Publications

Judith FetterleyI began writing in elementary school.  My first “book” was entitled, “Diary of a Blue Jay,” and in it I imagined what the world might look like on a daily basis for a blue jay that lived in our backyard cherry tree and once picked a hole in the head of my cat. No doubt the cat had destroyed her nest, but still I wondered if the punishment fit the crime. I needed to find out and so I wrote.

I also wondered why my cat didn’t just run and hide from the dive-bombing bird but that would have been another book, and I never got around to writing that one.

As an academic I wrote and wrote, then wrote some more, and would tell those who were not academics or did not write that the 6-hour writing day was bloody. When I quit the University, I also quit smoking. Smoking and writing had been my constant companions since high school.  Thoreau once famously said, in effect, no walking, no writing.  For years, I said, no smoking no writing.  It took me ten years to come back to writing as a non-smoker.  Now I just chew gum and guzzle diet soda and try to forget how much I miss smoking.

Writing about my experiences as a gardener has taken me to a whole new relationship with words. I hope you enjoy reading my newsletters and essays as much as I enjoy the experiences that I record and the act of recording.

Out in the Garden, and other writings

“Cricks, Crawdads, Cows, and Cornfields’/ “Stuck”/ “Temptation,” Hypertext, Spring/Summer 2022, Vol. 10

“Try Me,” New York Times Modern Love, December 3 and 5, 2021

“In Praise of Grass,” North Dakota Quarterly, vol. 88, nos. 3/4, Fall/Winter 2021

“Lineage,” Epoch, issue 3, Summer 2021

 Free to Say,” Reception, volume 13, 2021  [essay on The Resisting Reader, for a volume on its impact over the years]

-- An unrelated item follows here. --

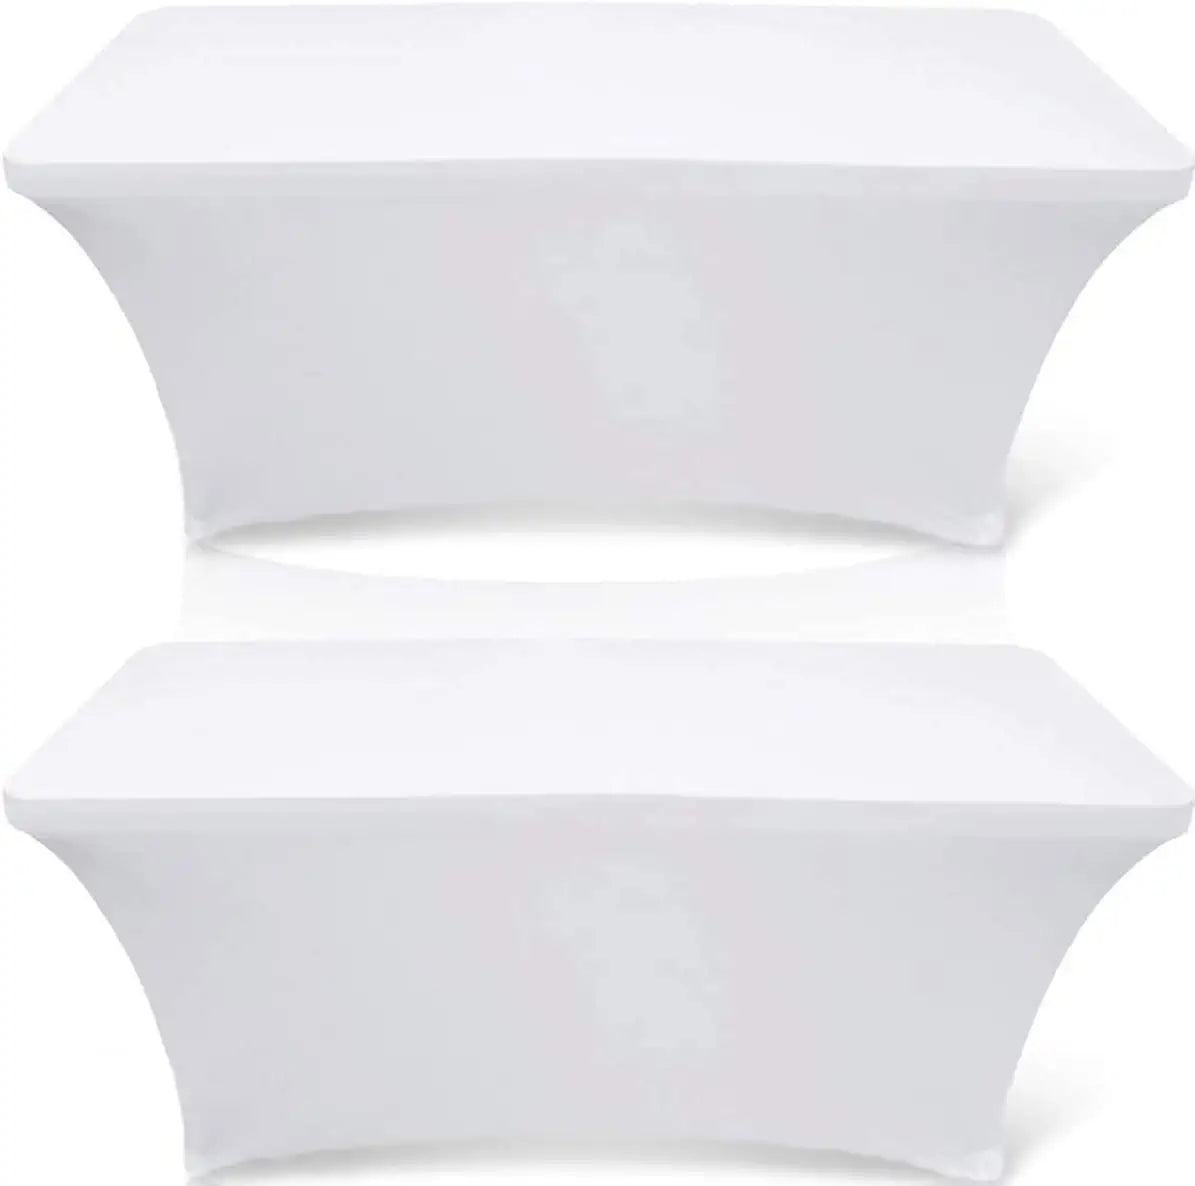 Stretchable Fabric tablecloths

“Haunted by Beatrix Farrand,” Women’s Studies Journal, Volume 50, issue 5, Spring 2021

“Travelling to Instagram,” Trolley, Issue 5, Summer 2020

“Toad,” Minute Magazine, issue 12, July 2020

I must have that plant,” Memoirist, May 2020

“Cleveland Select,” An Eclectic Bestiary, eds. Spengler and Tischleder, 2019

Selected Books

The Resisting Reader: A Feminist Approach to American Fiction, 1978.  Explores the role gender plays in shaping the form and content of canonical American fiction.

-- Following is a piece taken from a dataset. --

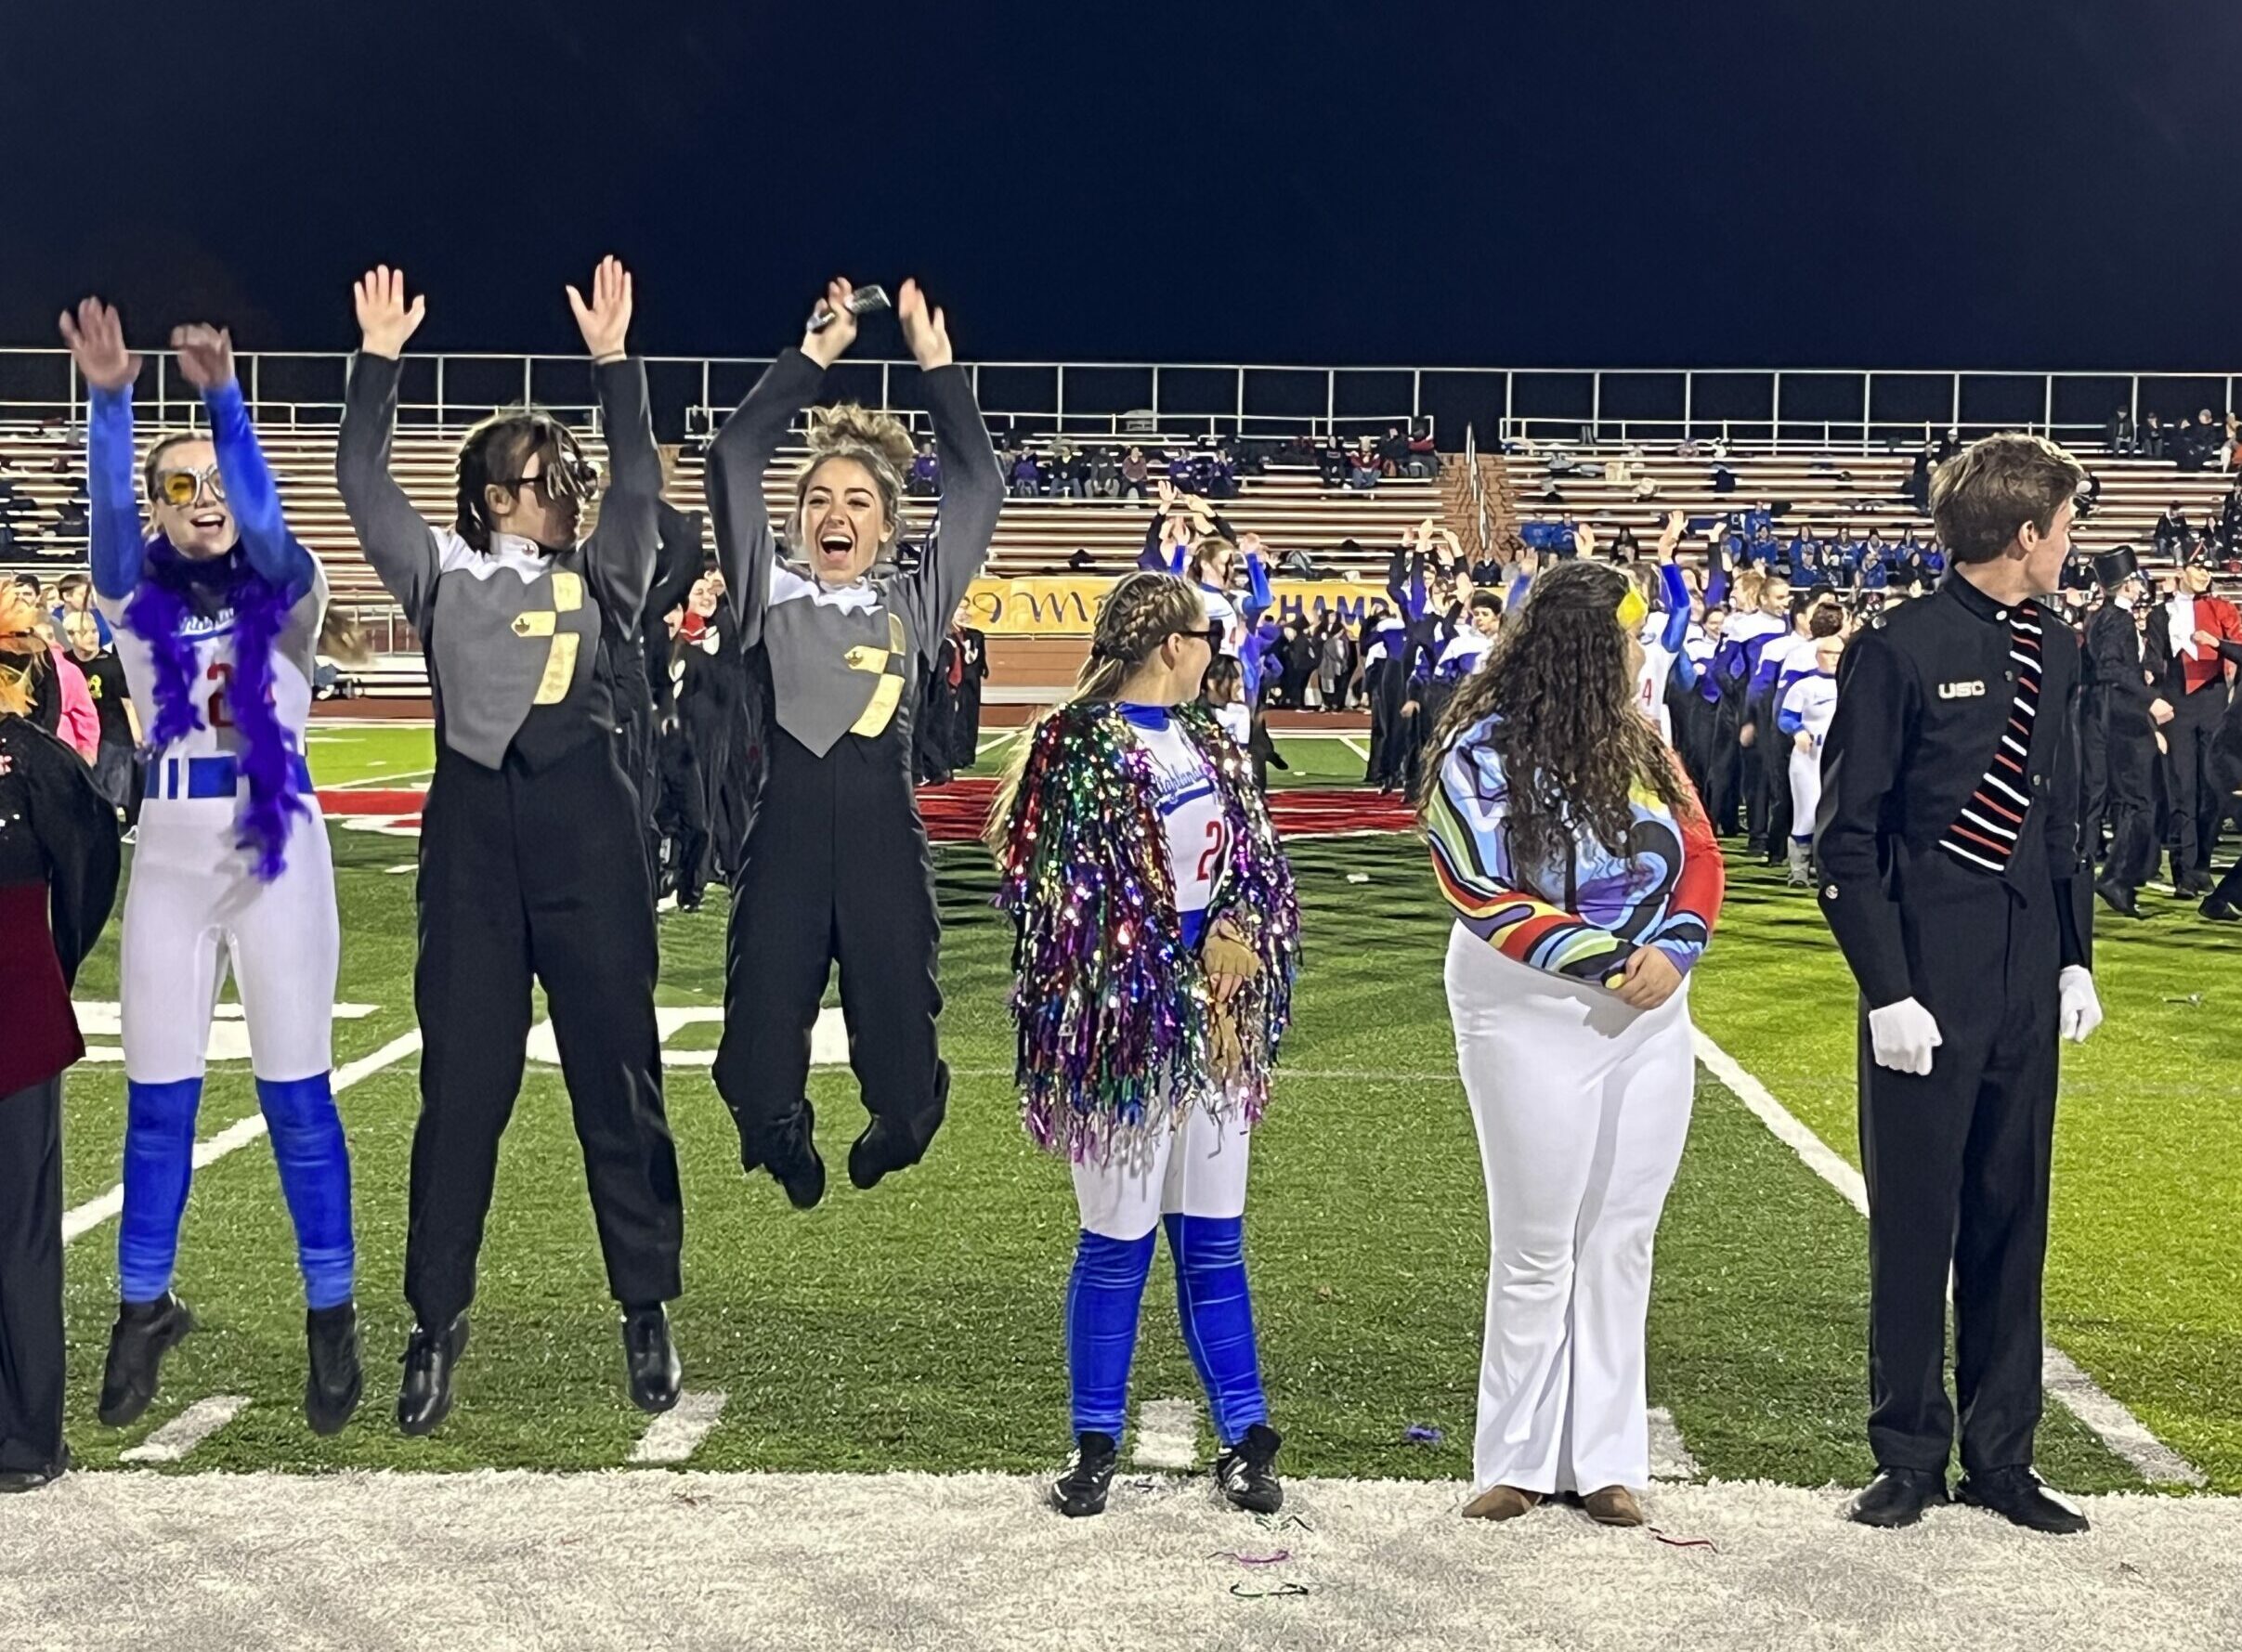 On a high note PIMBA's Moon championships close out district marching

Provisions: A Reader from 19th Century American Women, 1985. An anthology of the work of women writers in the 19th century, previously unrecognized and unacknowledged.

Writing out of Place: Regionalism, Women and American Literary Culture, 2003. Discovers and explores an indigenous tradition of American writing, created by women between 1848 and 1920, Seneca Falls Women’s Rights Convention and the ratification of the 19th Amendment giving women the right to vote.

Selected Articles

“Teaching and ‘My Work,’” 2005

“Dreaming the Future of English,” 1999

“Cather and the Fiction of Female Development,” 1993

Little Women: Alcott’s Civil War,” 1979

“Disenchantment: Tom Sawyer in Huckleberry Finn,” 1972

Since Greta Gerwig’s 2019 movie version of Little Women, interest in Alcott’s text has grown. I think Gerwig did a terrific job highlighting the conflicts and contradictions in the book. Here is an excerpt from my 1970’s take on Alcott,“Little Women: Alcott’s Civil War”:

The imaginative experience of Little Women is built on a paradox: the figure who most resists the pressure to become a little woman is the most attractive and the figure who most succumbs to it dies. Jo is the vital center of Alcott’s book and she is so because she is least a little woman. Beth, on the other hand, is the least vital and the least interesting. She is also the character who most fully internalizes the overt values of Little Women; she is the daughter who comes closest to realizing the ideal of imitating mother.